On Mon, Oct 15, 2018 at 08:50:21AM +0000, Raymond Sellars wrote:
Hi
Looking for some insight into mdbox index file management and recovery from corruptions.
I have a two node cluster on NFS with proxy director in front for user stickness. One node (a nominated master) bidirectionally replicates to a 3rd node on a DR site.
We periodically get index file corruptions resulting in rebuilds. However the user experience is poor as messages read/deleted from months/years ago all reappear as unread again.
We've seen corruption because of NFS NTP time sync problems, proxy not being stick, but also the DR node being off line for a while and then tripping corruption within production when it comes back on.

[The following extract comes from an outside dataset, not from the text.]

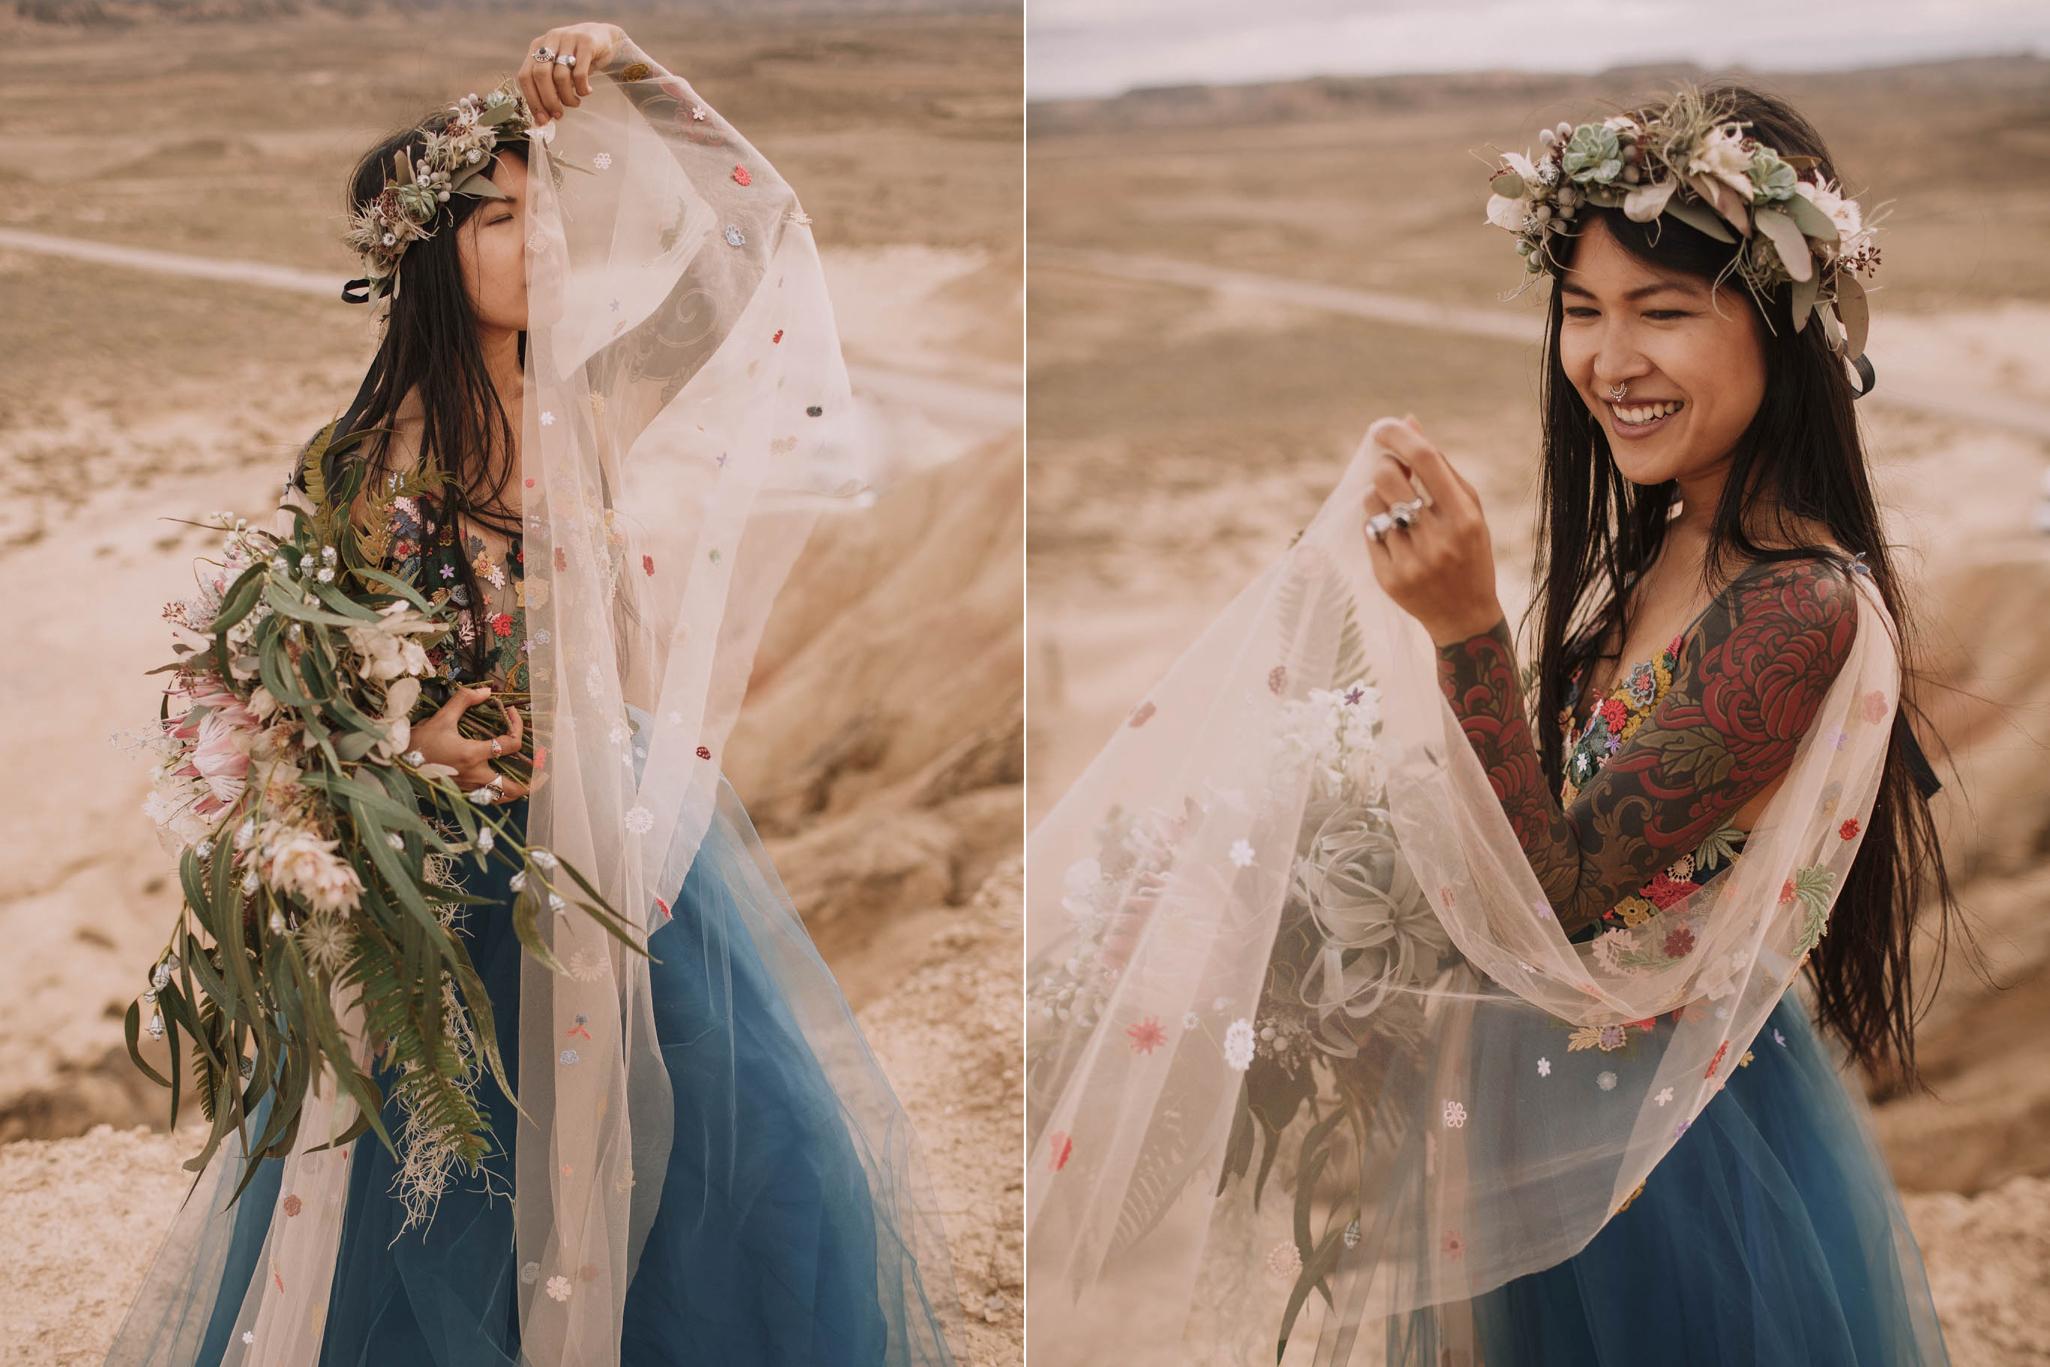 Spain-wedding-photographer-bardenas-reales-jeremy-boyer-photographe-mariage-bordeaux-floral-wedding-dress-robe-117.jpg

Error message example (1 of):
Error: Corrupted dbox file /mailshare/.. (removed) ../home/mail/storage/m.4 (around offset=993548): EOF reading msg header (got 0/30 bytes) https://wiki2.dovecot.org/MailboxFormat/dbox- i've read up on all the documentation I can find and understand " you must not lose the dbox index files, they can't be regenerated without data loss."

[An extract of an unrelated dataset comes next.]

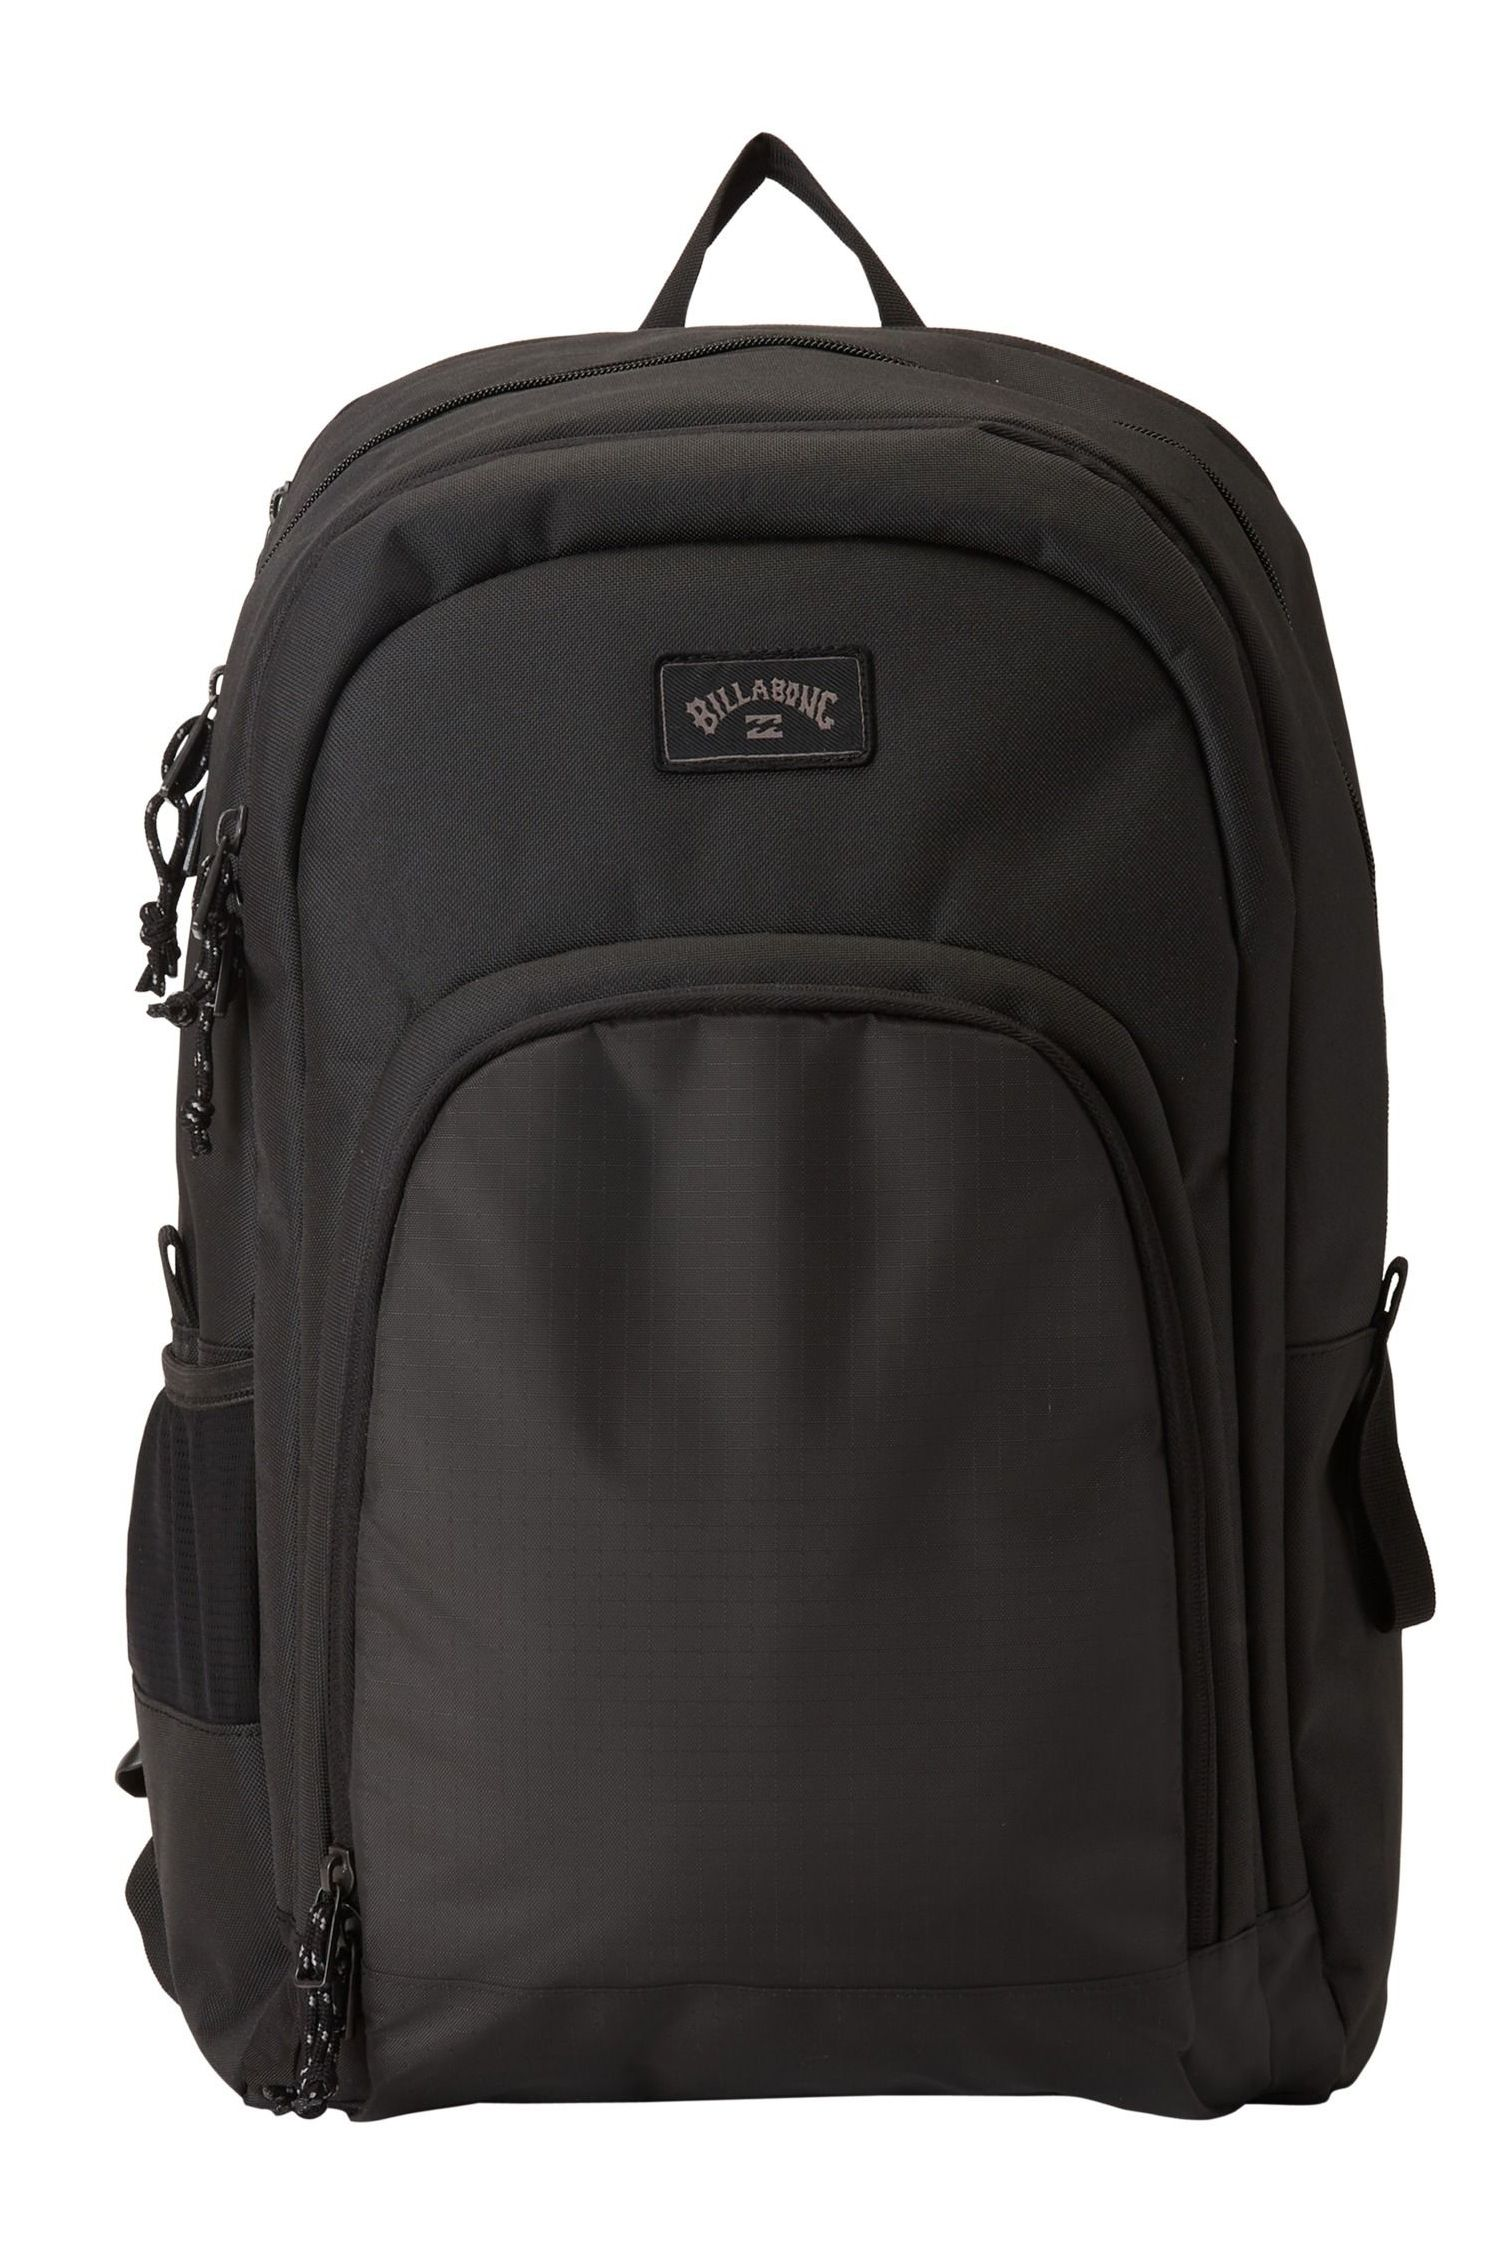 Billabong Backpack COMMAND PACK Stealth

Questions: #1 Any additional tips for avoiding mdbox index corruptions with dsync? Or should I revert to maildir format? I like the performance premise of the mdbox but these index corruptions are a reliability issue.
#2 I'm guessing read status is one of the meta data items lost. But its seems it can't recover it from dovecot.index.backup files either. Any technique to preserve that item as its key to the user experience?
#3 If index/transaction logs are so critical is there some kind of check point backups I can take? Native dovecot feature or do I need to script something.
#4 I've noticed that rebuilding the index does not work if the dovecot.index.log file is lost (deleted as a hard test). The dovecot.index.cache can be but once the log file i gone messages are not automatically (or manually that i can find) recovered from the storage directory.
I've not seen any dovecot.index.log file corruptions but that file seems very high risk. If rebuilding the index only from the log file or a combination process from storage directory?
Is there perhaps an option to just use the transaction log and not the index? Although that doesn't sound wise for performance.
#5 In additional to status UNREAD we also notice files moved to the trash reappear. Is that expected behavior?
Thanks Raymond
What version of dovecot and what OS are you running? Is NFS linux/bsd/netapp/etc?